Essentially, the way GoAccess works is that it will parse the well-known Apache access log file, from there, GoAccess will collect data from the parsed log and it will display it to the console or the X terminal. The collected information or generated reports will be displayed to the user/sysadmin in a visual/interactive window. Reports include:
General Statistics, bandwidth etc.
Top Visitors
Requested files
Requested static files, images, swf, js, etc.
Referrers URLs
404 or Not Found
Operating Systems
Browsers and Spiders
Hosts, Reverse DNS, IP Location
HTTP Status Codes
Referring Sites
Keyphrases
Different Color Schemes
Unlimited log file size
Log format…
GoAccess can parse both of Apaches' log formats, the Common Log Format (CLF) and the Combined Log Format (XLF/ELF), including virtual host.
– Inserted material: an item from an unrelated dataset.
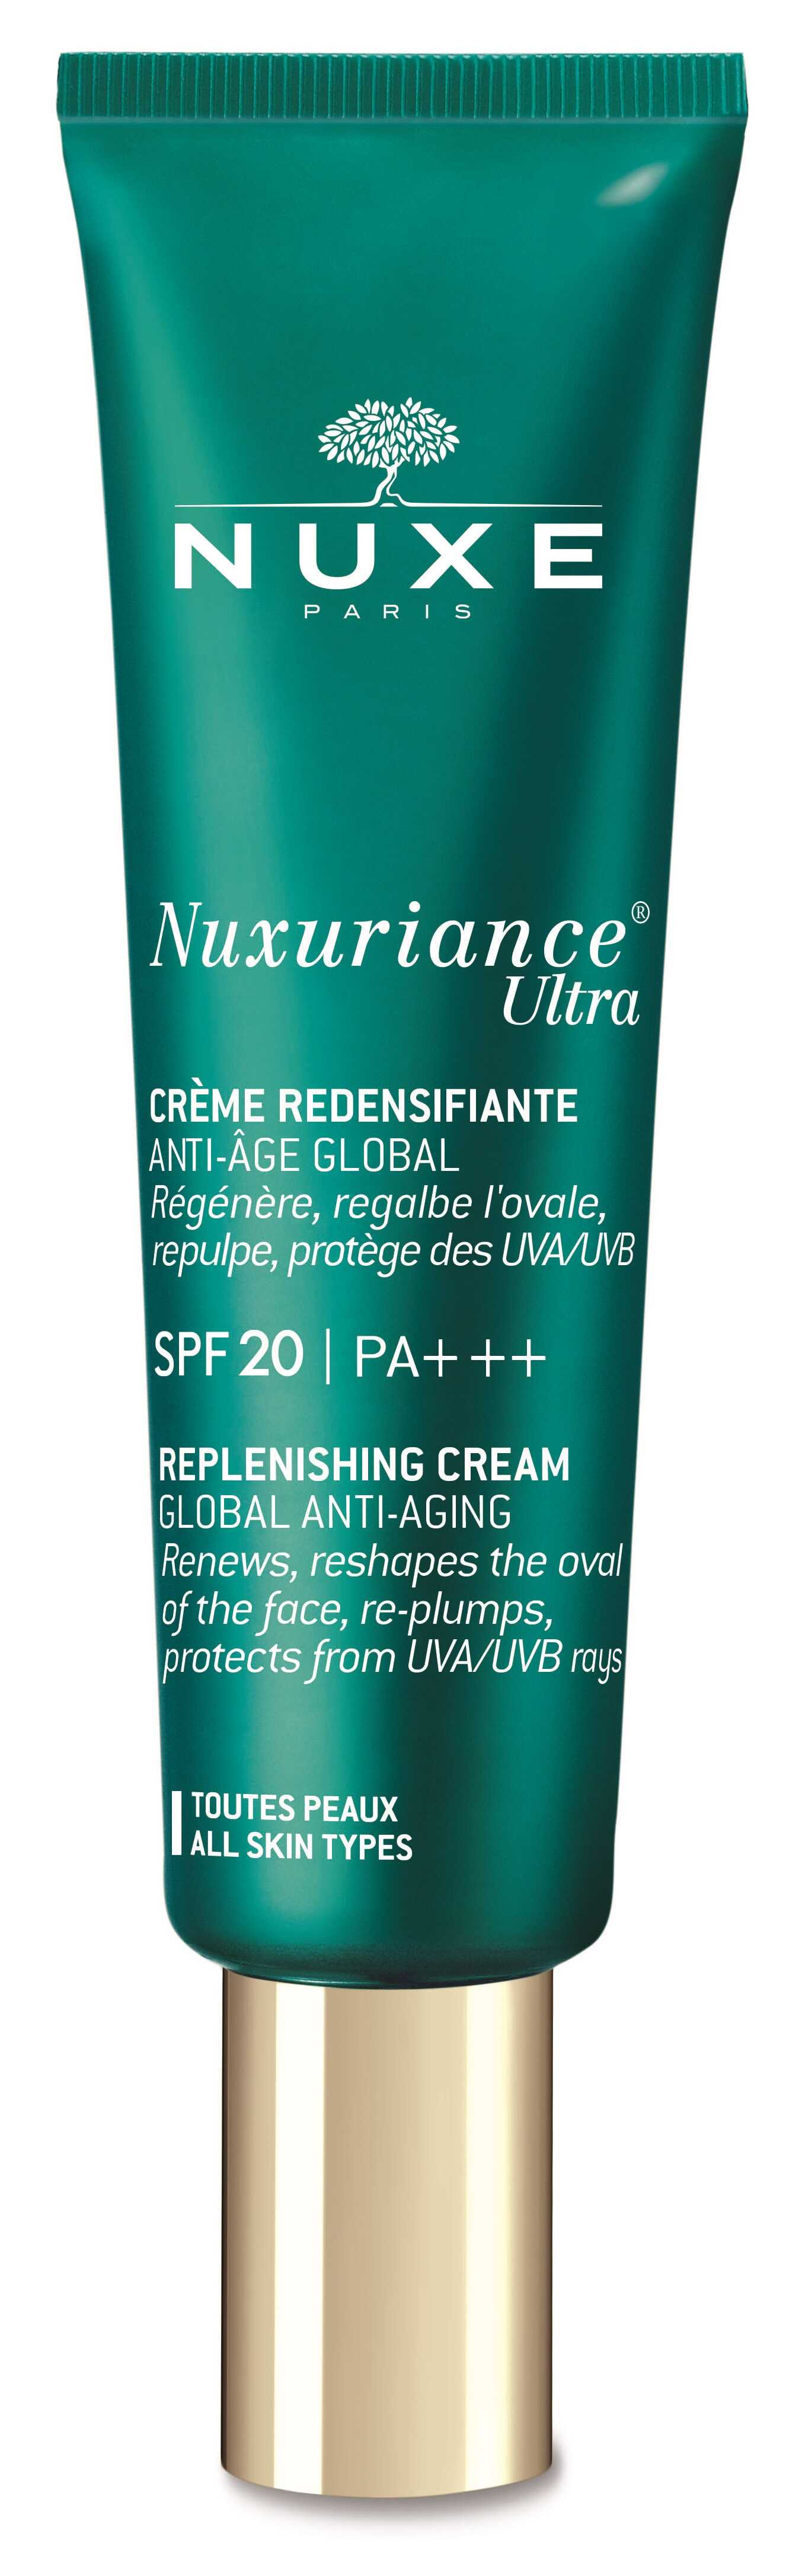 NUXE Nuxuriance Ultra teljeskörű anti-aging krém SPF20 50 ml
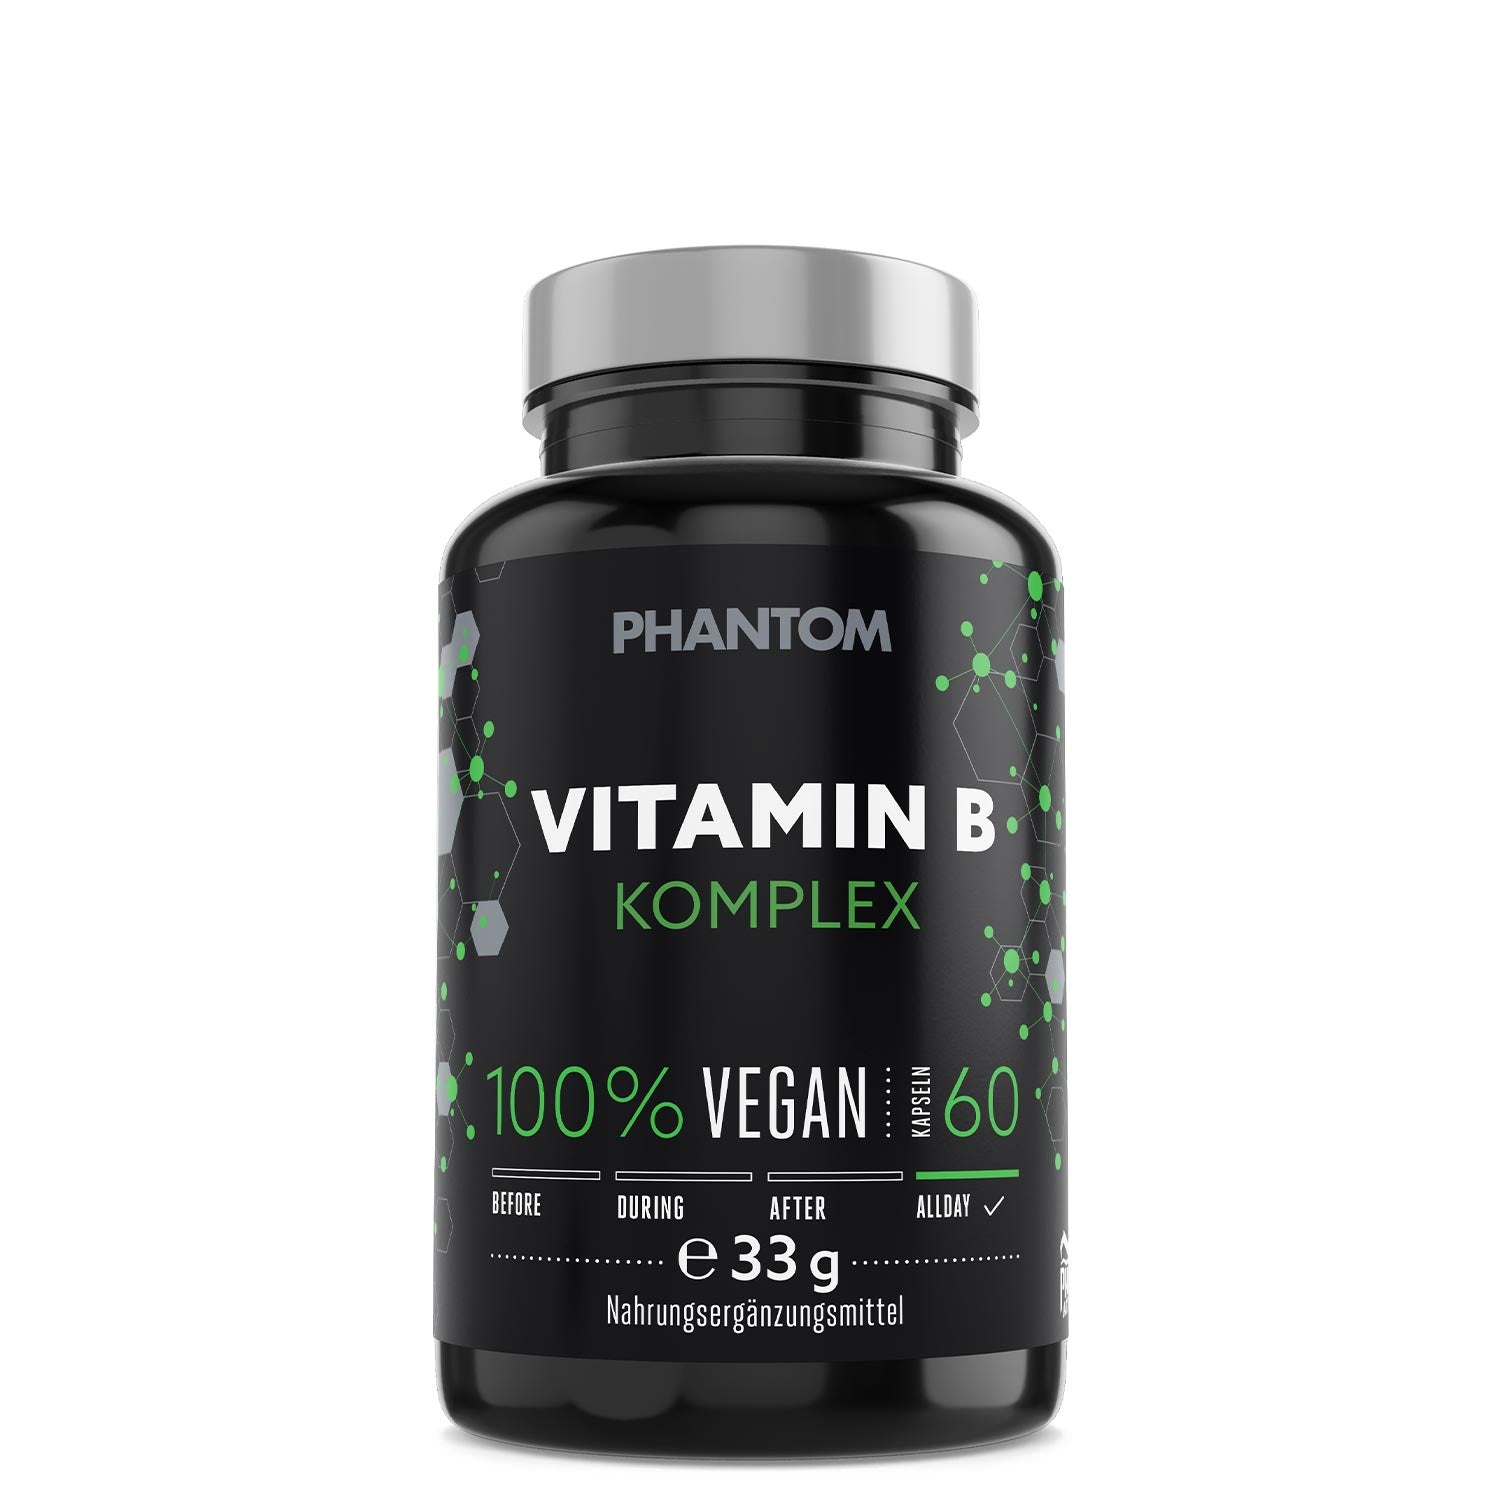 Phantom Vitamin B-Komplex für ein stärkeres Imunsystem im Kampfsport.

It is possible to parse Nginx as well. (if configured with the standard Apache log format)
Install GoAccess on ubuntu
sudo apt-get install goaccess
Using goaccess
You have to make sure apache or nginx is installed and configured for websites access.
Usage:
goaccess [ -b ][ -s ][ -e IP_ADDRESS][ - a ] <-f log_file >
The following options can also be supplied to the command:
-f - Path to input log file.
-b - Enable total bandwidth consumption.
For faster parsing, don't enable this flag.
-s - Enable HTTP status codes report.
For faster parsing, don't enable this flag.
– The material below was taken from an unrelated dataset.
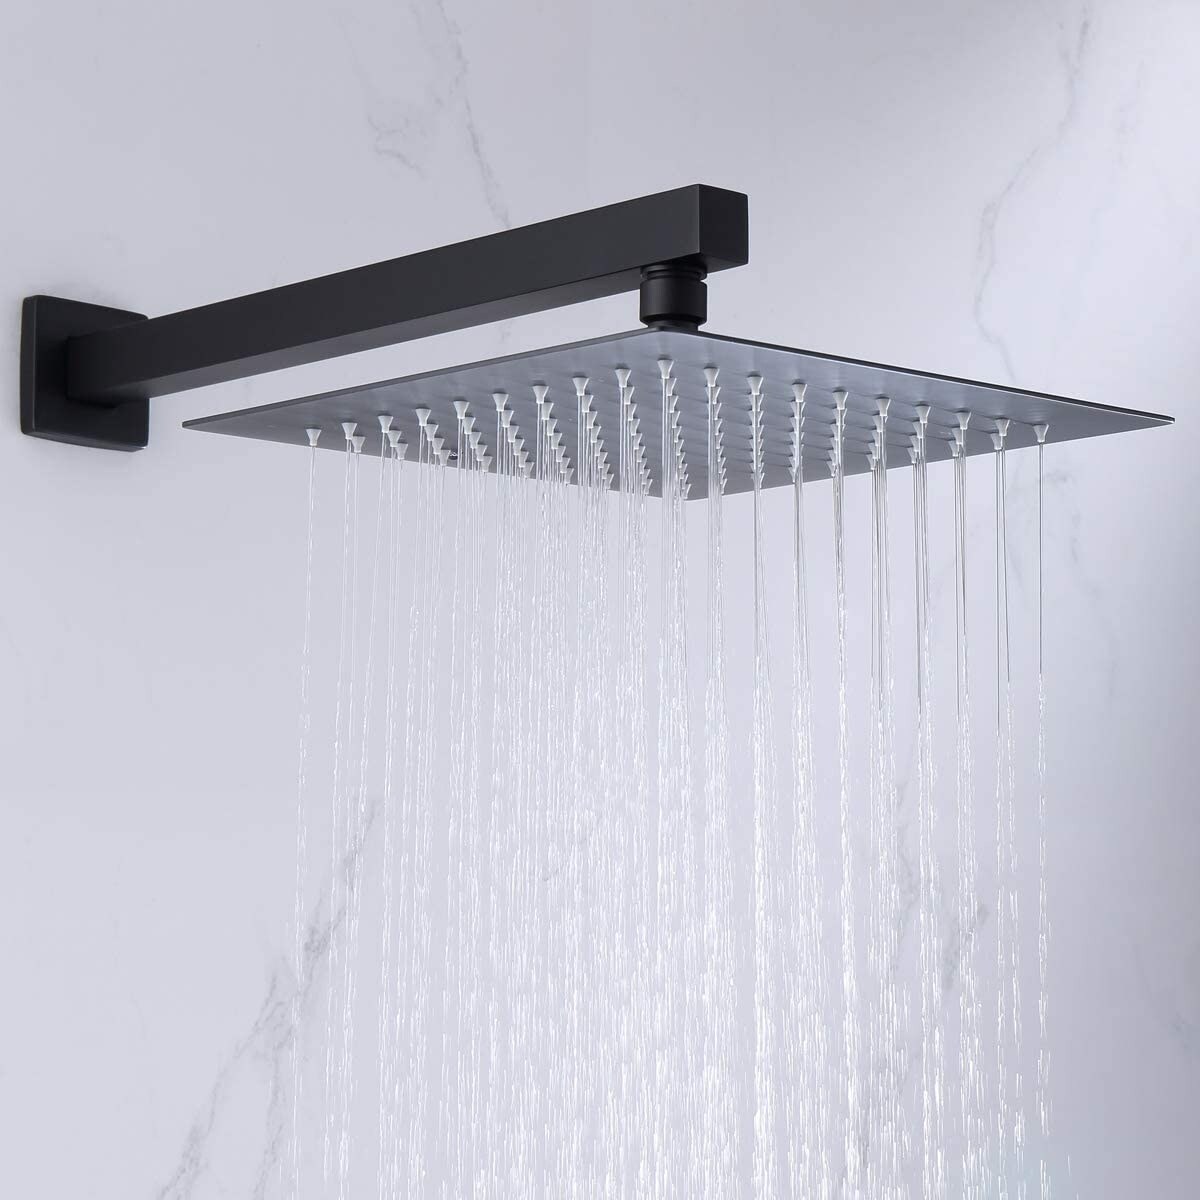 https://ak1.ostkcdn.com/images/products/is/images/direct/4c453c30ee7c256b5f7b476d3611d66005e7e711/Square-Dual-Handle-2-Function-Concealed-Bathroom-Shower-Set.jpg

-a - Enable a List of User-Agents by host.
For faster parsing, don't enable this flag.
-e - Exclude an IP from being counted under the
HOST module. Disabled by default.
Goaccess Examples
The simplest and fastest usage would be:
# goaccess -f access.log
That will generate an interactive text-only output.
To generate full statistics we can run GoAccess as:
# goaccess -f access.log -a -s -b
The -a flag indicates that we want to process an agent-list for every host parsed. The -s flag tells
GoAccess go get every HTTP status code. The -b flag will process the total bandwidth consumption for
files, hosts, and dates.
Now if we want to add more flexibility to GoAccess, we can do a series of pipes. For instance:
If we would like to process all access.log.*.gz we can do:
# zcat access.log.*.gz | goaccess
OR
# zcat -f access.log* | goaccess
Another useful pipe would be filtering dates out of the Apache's access log
The following will get all HTTP requests starting on 05/Dec/2010 until the end of the file.
# sed -n '/05\/Dec\/2010/,$ p' access.log | goaccess -s -b
If we want to parse only a certain time-frame from DATE a to DATE b, we can do:
sed -n '/5\/Nov\/2010/,/5\/Dec\/2010/ p' access.log | goaccess -s -b
Note that this could take longer time to parse depending on the speed of sed.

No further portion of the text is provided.